You probably noticed there’s something right at the beginning of the temptation narrative that underlines this for us. Each of the first three Gospels says it in one form or another. In Matthew, it’s this: “Jesus was led up by the Spirit . . . to be tempted by the devil” (4:1). In Mark, it’s “the Spirit immediately drove [Jesus] out into the wilderness” to be tempted (1:12). And in Luke, it’s “Jesus, full of the Holy Spirit, returned from the Jordan and was led by the Spirit in the wilderness for forty days, being tempted by the devil” (4:1).

You see the point? There’s a military strategy here. Satan is the prince of this world. He has usurped the authority, the dominion that God gave originally to Adam. Remember in Genesis 1:26–28, God made man as His image and gave him dominion. And now, the divine director of military operations, the Holy Spirit, is leading out the great general, Jesus Christ, into the field of combat. The Spirit is the connecting link between the heavenly operations center and the battlefront. And what we have here—to borrow language from World War II—is the beginning of D-Day.
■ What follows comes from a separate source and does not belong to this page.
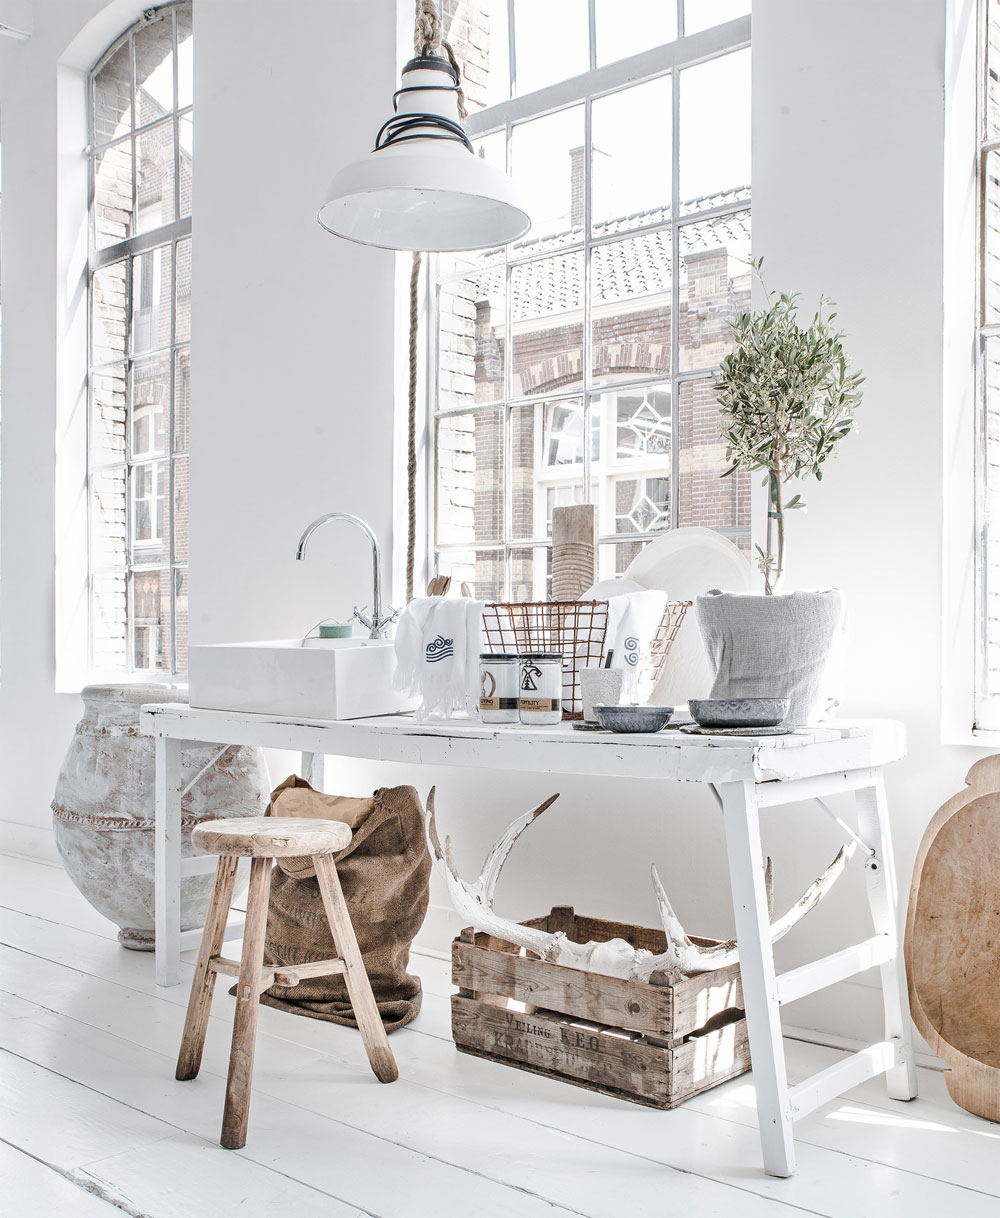 oracle, fox, sunday, sanctuary, paulina, arcklin, minimal, white, interior, design, light.
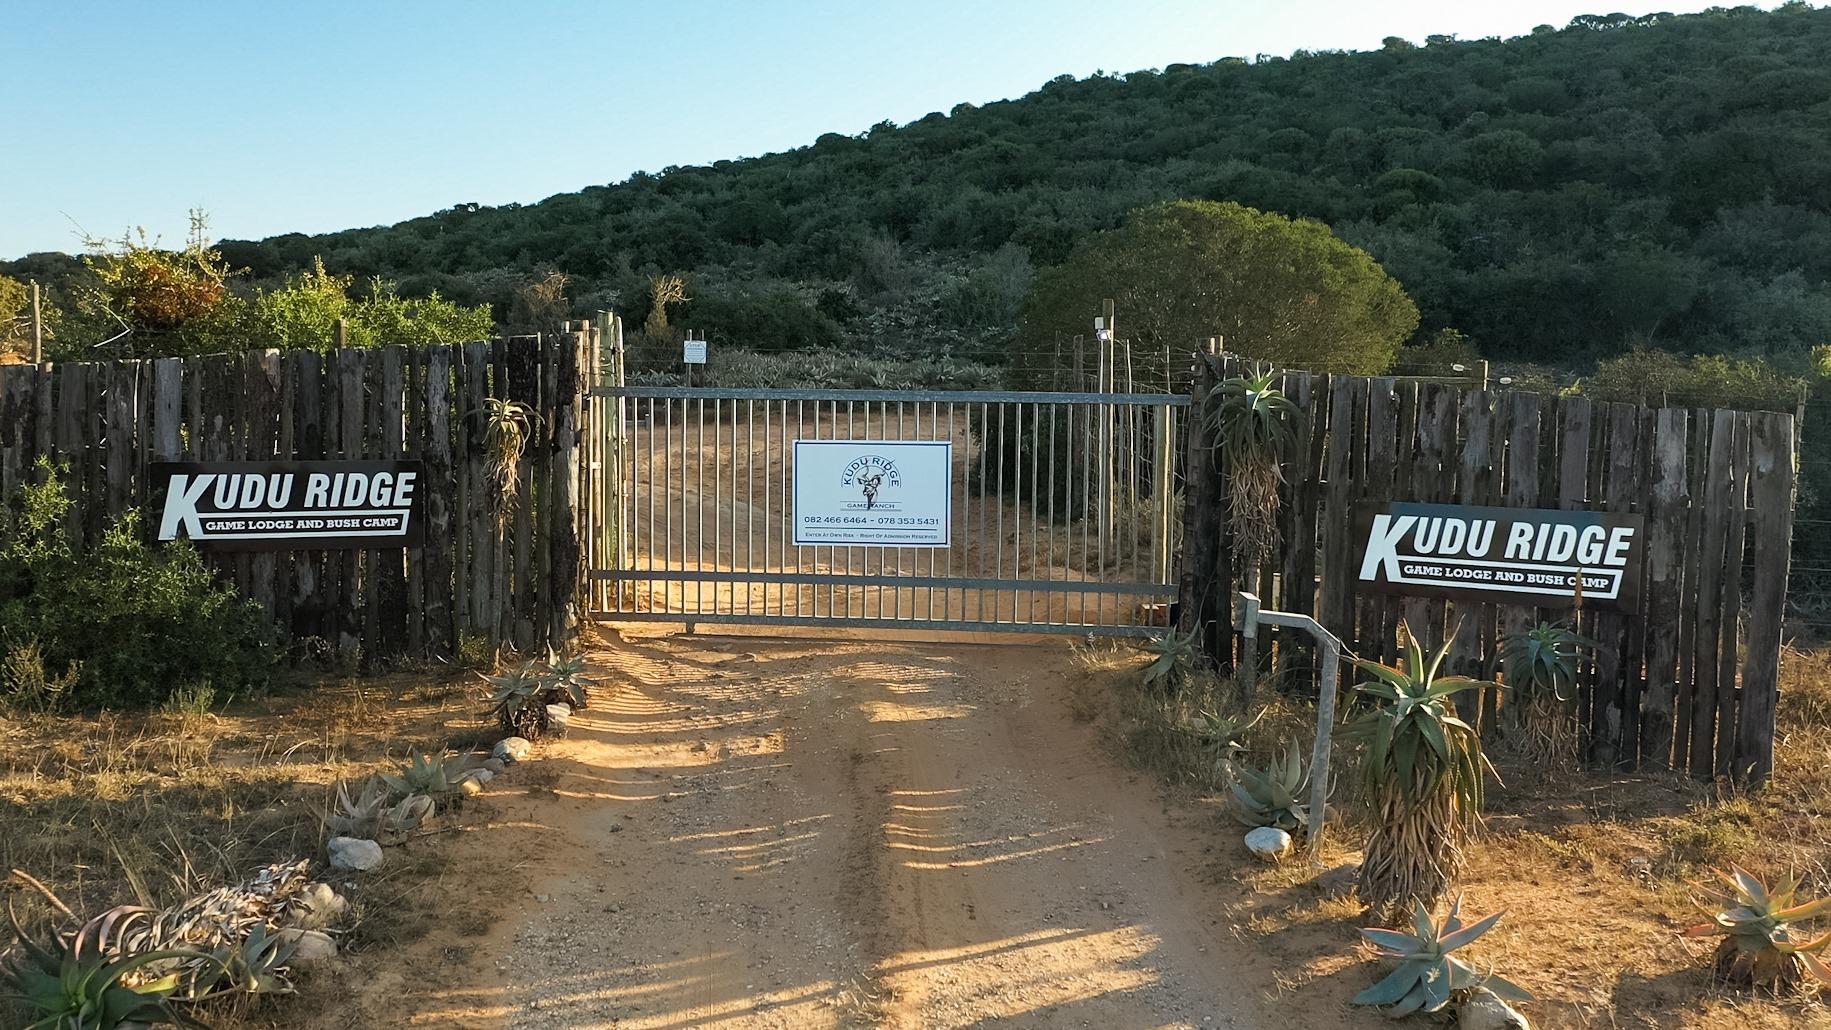 Kudu-Ridge-Entrance

If I can give you a spoiler and the rest of the story, something is going to happen for the first time in human history. The man, Christ Jesus, the new Adam, is going to enter enemy-occupied territory—a garden that’s been turned into a wilderness by the enemy—and He’s going to face him down, withstand his fiercest, attacks and conquer him.

And so, the temptation narrative is really all about Genesis 3:15 coming to pass. The seed of the woman is beginning to crush the head of the serpent. That’s what caused Martin Luther to sing:

But for us fights the proper Man whom God himself hath bidden. As ye who is this same? Christ Jesus is his name . . . 

And He will win the battle. And in the desert, the Lord Jesus began to fight that battle in earnest and won it. Of course, there were more battles to come before the war was over, but this was a very significant one. And because of that, we can be more than conquerors through Him who loved us. And tomorrow will think more about what it means that Jesus has conquered the enemy.